Review: ‘January’

A psychological mood piece that feels as high-strung and ungrounded as its traumatized protag.

The emotional fallout for a composer after his girlfriend’s accident is the focus of “January,” a psychological mood piece that feels as high-strung and ungrounded as its traumatized protag. Failing to solve the problem of how to make spiritual lethargy dramatically interesting, pic follows the man from street to piano to bed, using a series of visual and aural tricks to communicate his mental state.
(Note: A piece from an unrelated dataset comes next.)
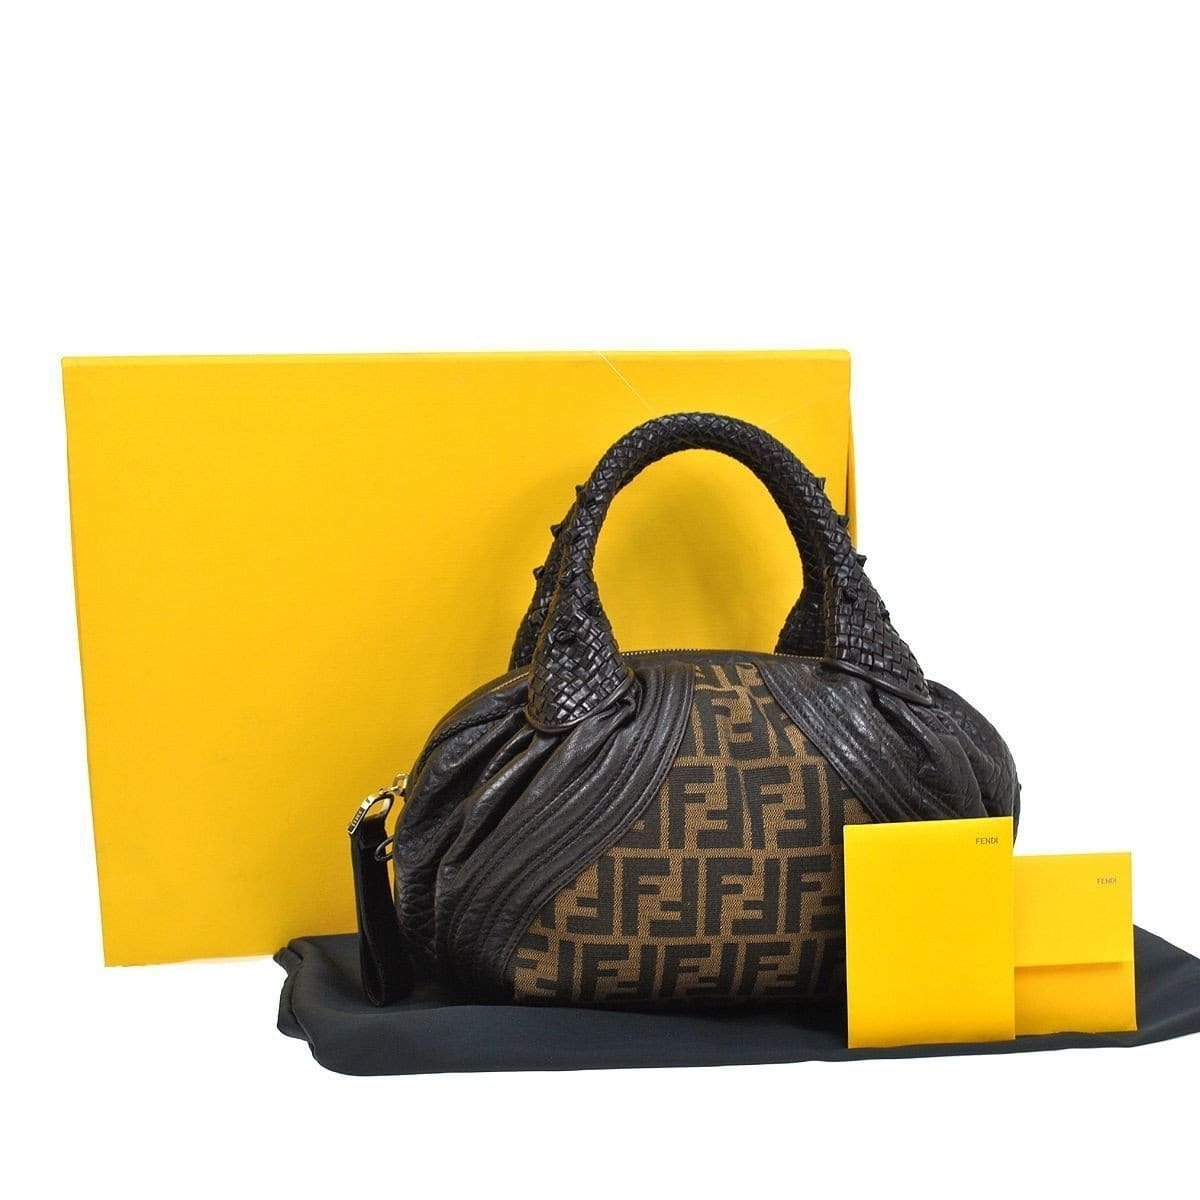 How To Authenticate Fendi Handbags

But having chosen to ignore the basics of characterization and storytelling, debutante helmers Cynthia Gabrenja and Marcelo Scoccia offer little in their place. Limited play at edgier fests aside, a chilly reception seems likeliest.

Following a car crash that leaves his g.f. comatose, Ivan (Emiliano Portino) likewise enters a sort of coma, abandoning his piano until he’s approached by Katja (Flora Gro) who wants him to compose a requiem to her father. Ivan rarely speaks: He only truly comes alive when playing, which alas doesn’t happen until the pic’s last three minutes. Nicely rendered, intimate visuals and the odd elegant conceit — a single piano note mirroring the beeping of a life-support machine, for example — offer hope that the helmers will deliver superior work next time.




A Coming Soon, Rio Azul Films production. Produced, directed, written by Cynthia Gabrenja, Marcelo Scoccia. Screenplay, Francesco Bruni, Antonio Leotti, di Majo.


Camera (color), Guido Rodriguez Limardo; editor, Javier Kaplan; music, Leandro Barrales; art director, Endi Ruiz. Reviewed on DVD, Madrid, May 3, 2011. (In Buenos Aires Film Festival.) Running time: 71 MIN.


Emiliano Portino, Flora Gro, Alberto Rojas Apel, Josefina Recio, Vanina Montes.